隨著齊重淵的目光,文素素也朝窗外看了去,目光在冰凌上停駐。
太子妃死或者廢,對她都要有足夠的價值,對得起她面對齊重淵的辛苦。
尖銳的冰凌急急墜落,小黃門生怕聲響叨擾了齊重淵,拉著鋪了厚厚草屑的軟兜上前接住。
文素素輕輕揚了揚眉,她已經想到了太子妃的死法!
第一百二十二章
齊重淵三謝三辭之後, 臨時登基為帝,待先帝喪事完畢,欽天監選出黃道吉日, 再正式登基, 改年號。
新帝大赦秦王,允其進宮守孝哭靈。如今的秦王面色蒼白, 整個人足足膨脹了一圈, 走路都需要人攙扶, 一動,臉上的肉便如漣漪般晃動。
到了先帝的棺槨前,秦王嚎哭一聲跪在蒲團上, 齊重淵抖了下,下意識去看他身下的金石地面。
殷知晦瞧著齊重淵的反應,眼角不由得抽搐了下。目光掃向帷幔, 在帷幔的另一邊,是女眷哭靈之處。

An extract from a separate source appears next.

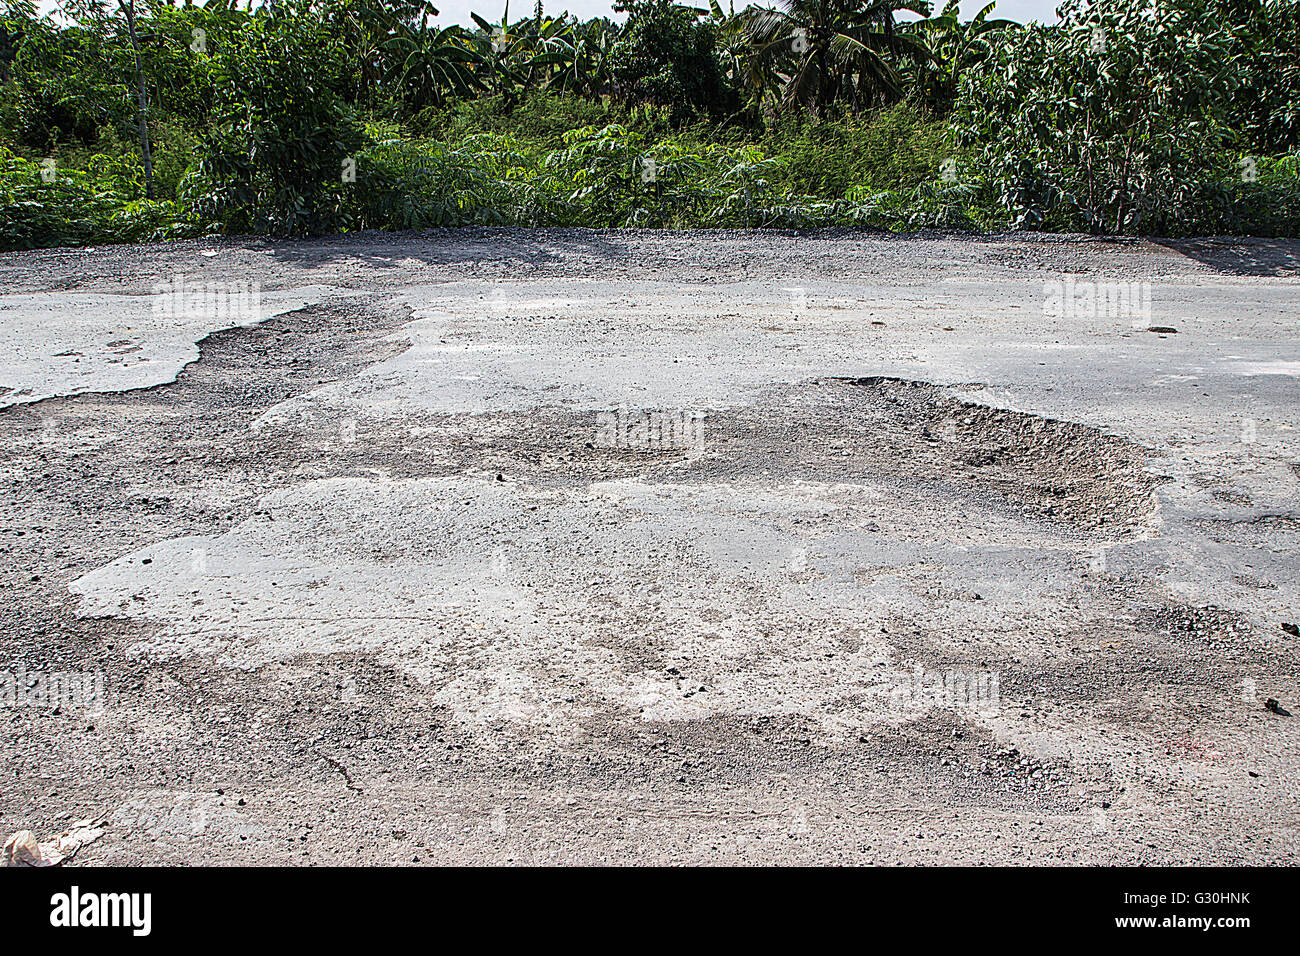 Beschädigte Straße in die Landschaft, beschädigte asphaltierte Straße mit Schlaglöchern verursacht, schlechten Strasse. Stockfoto

滴水成冰的天氣,靈堂中還放置了冰鑒,如冰窖一樣寒冷,守孝哭靈無異於酷刑。
秦王一看就是酒色過度, 估計一天下來,就能要了他的半條命。
這是要折騰死他啊!
以齊重淵的性情,他只想到活剮秦王的主意,這個能堵上沈士成一眾人嘴的法子, 定不是他的手筆。
且自從文素素進宮之後,宮裡的一切就逐漸變得井井有條, 青書琴音兩人不再焦頭爛額,差使辦得一團糟。
天氣寒冷, 每哭上小半個時辰,便歇息一個時辰。
到了歇息的時候,秦王癱倒在了靈堂里,伺候的小廝扶不起來,齊重淵意味深長地掃過沈士成一眾重臣,瞧著他們複雜的神色,心裡暢快至極。
殷知晦暗自嘆息了聲,趕緊讓內侍上前幫忙,足足幾近五人,用盡力氣才將秦王半托半拽弄出了靈堂,前往朵殿的屋中去歇息。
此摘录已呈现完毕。